Work to be completed
Your task is to restate word for word the lines in the material below, from the one with "Gazelle logo" up to and including the one with "Plage de sable". Do not carry over the pictures.

Dataset extract
===

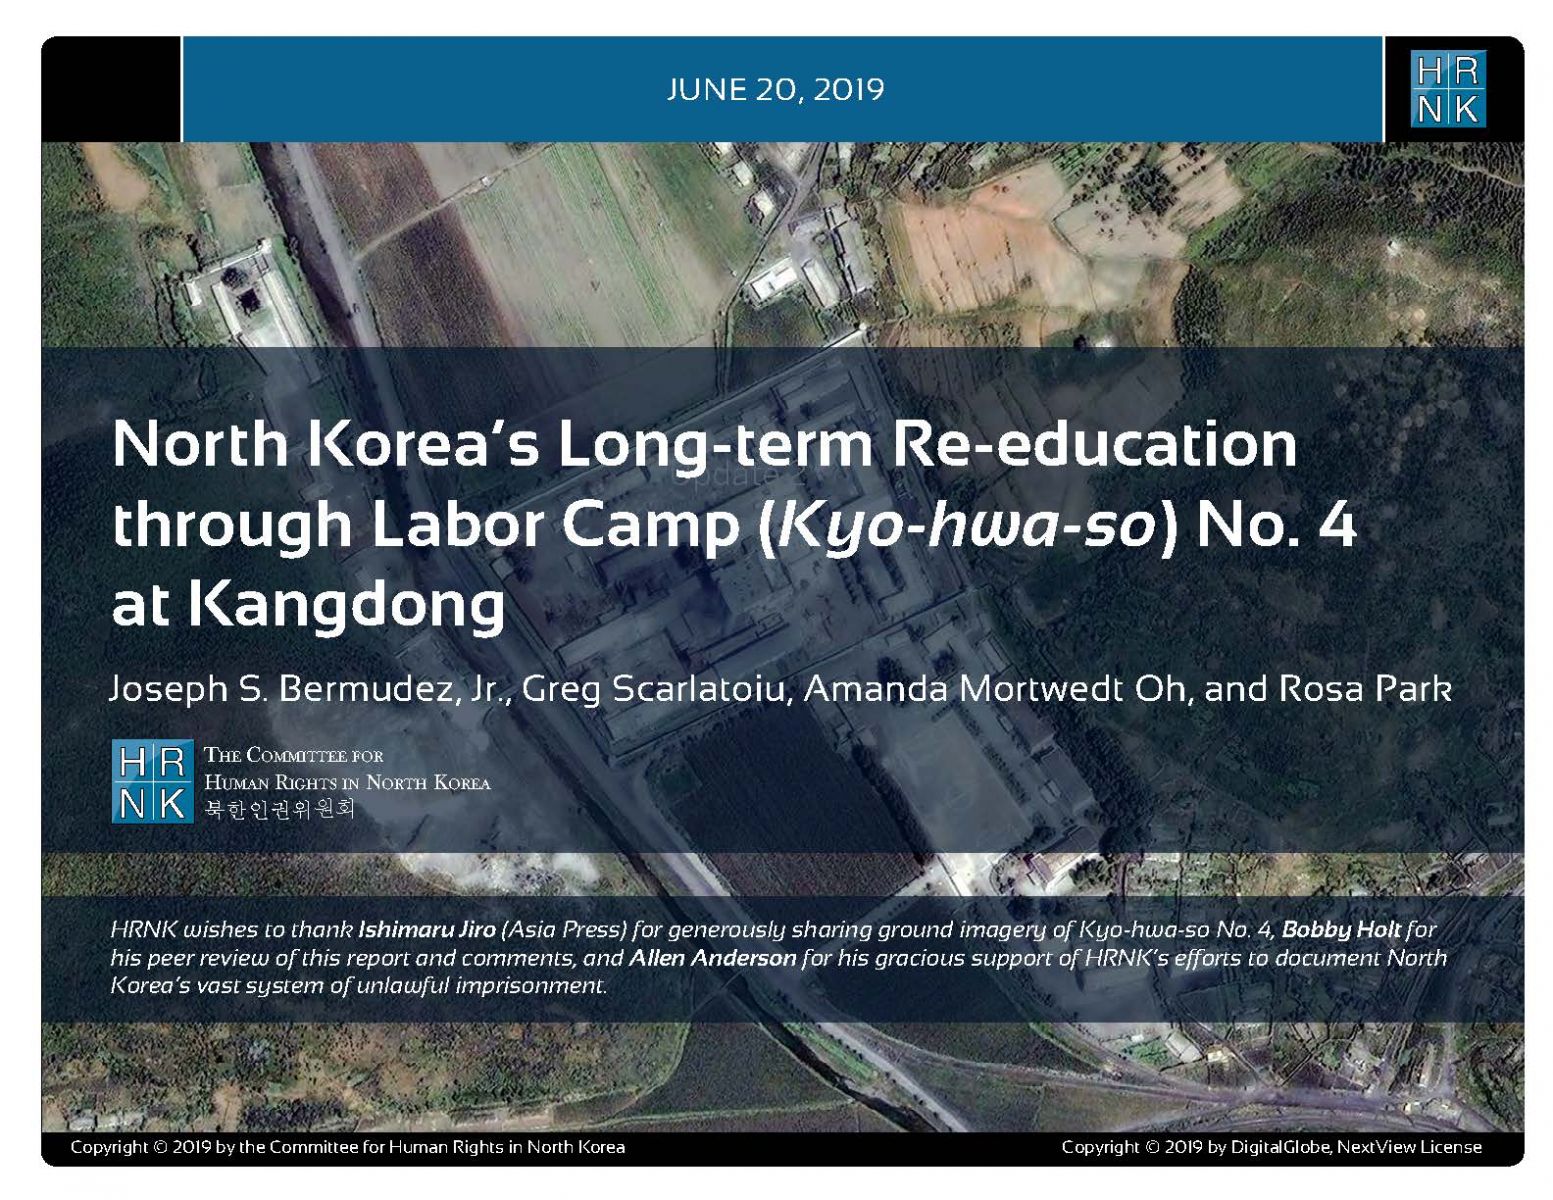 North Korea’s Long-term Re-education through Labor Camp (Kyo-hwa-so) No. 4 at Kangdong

===

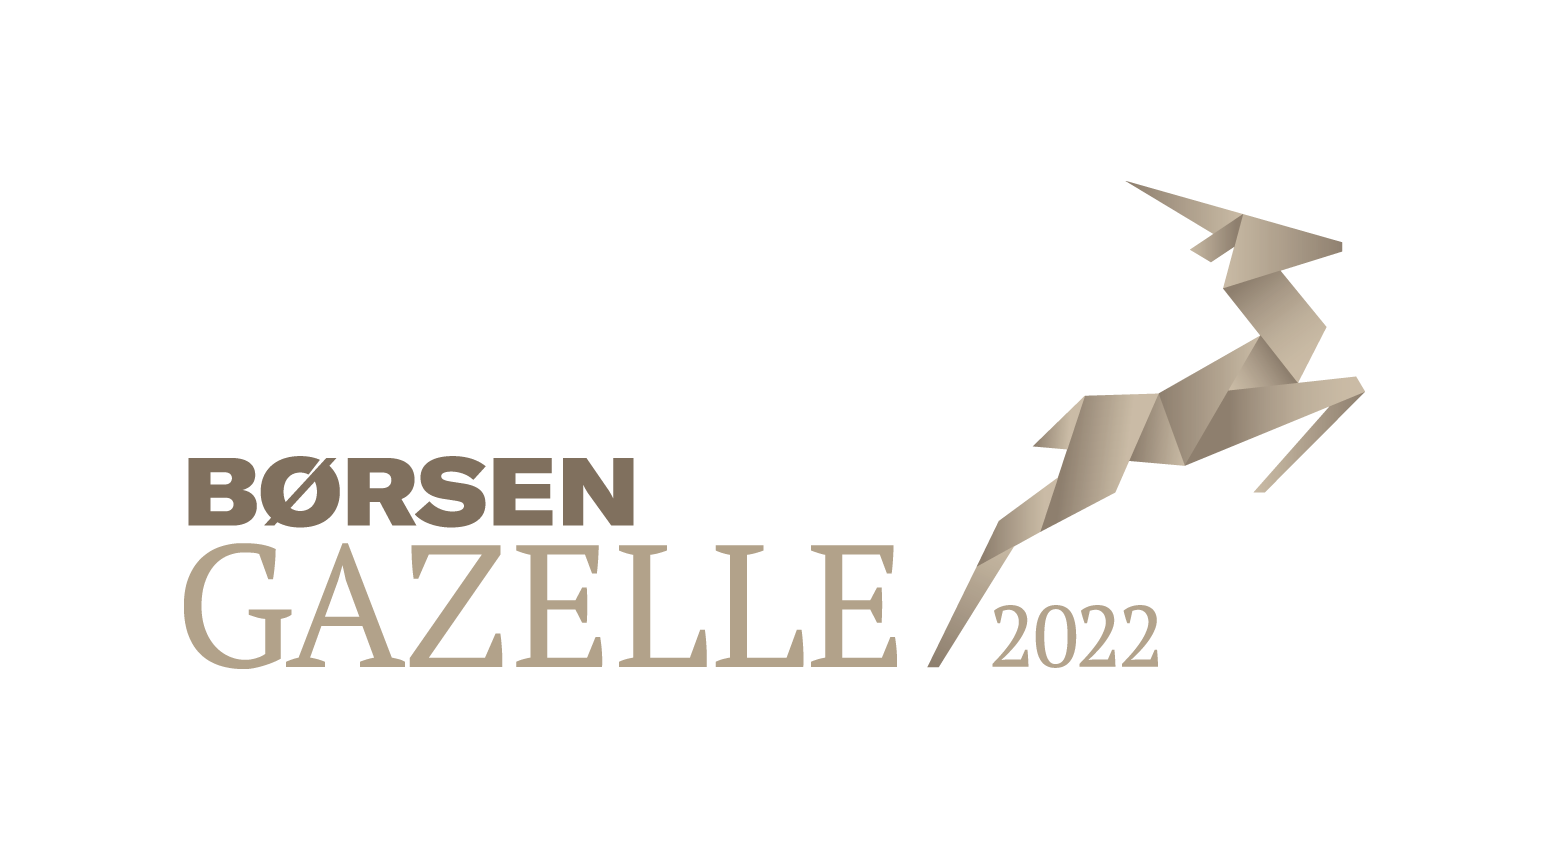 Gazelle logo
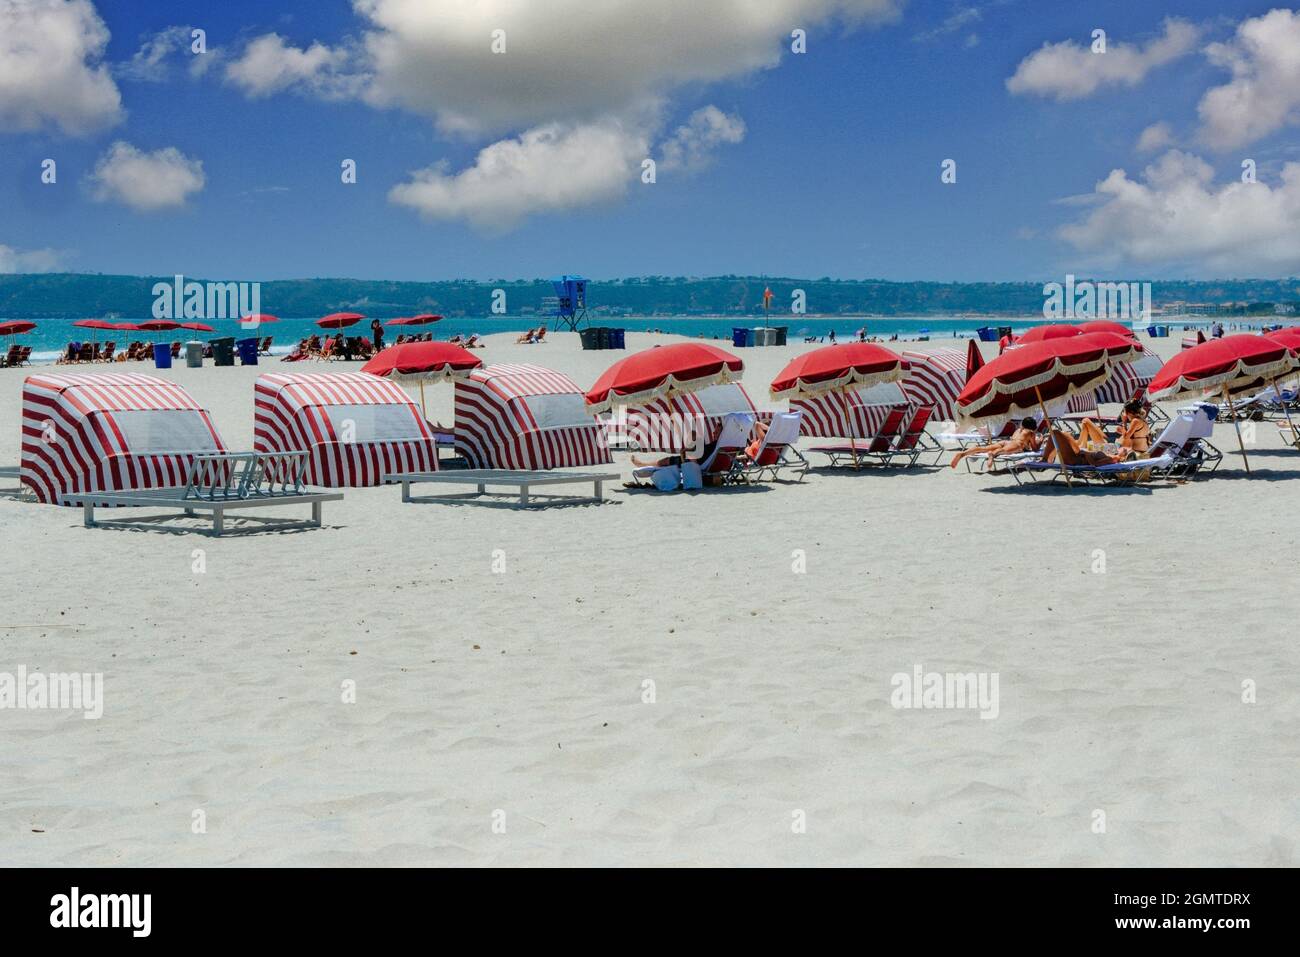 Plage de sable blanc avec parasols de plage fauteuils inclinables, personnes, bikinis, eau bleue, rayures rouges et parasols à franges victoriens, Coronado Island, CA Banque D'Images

===

Exercise result
 Gazelle logo
 Plage de sable blanc avec parasols de plage fauteuils inclinables, personnes, bikinis, eau bleue, rayures rouges et parasols à franges victoriens, Coronado Island, CA Banque D'Images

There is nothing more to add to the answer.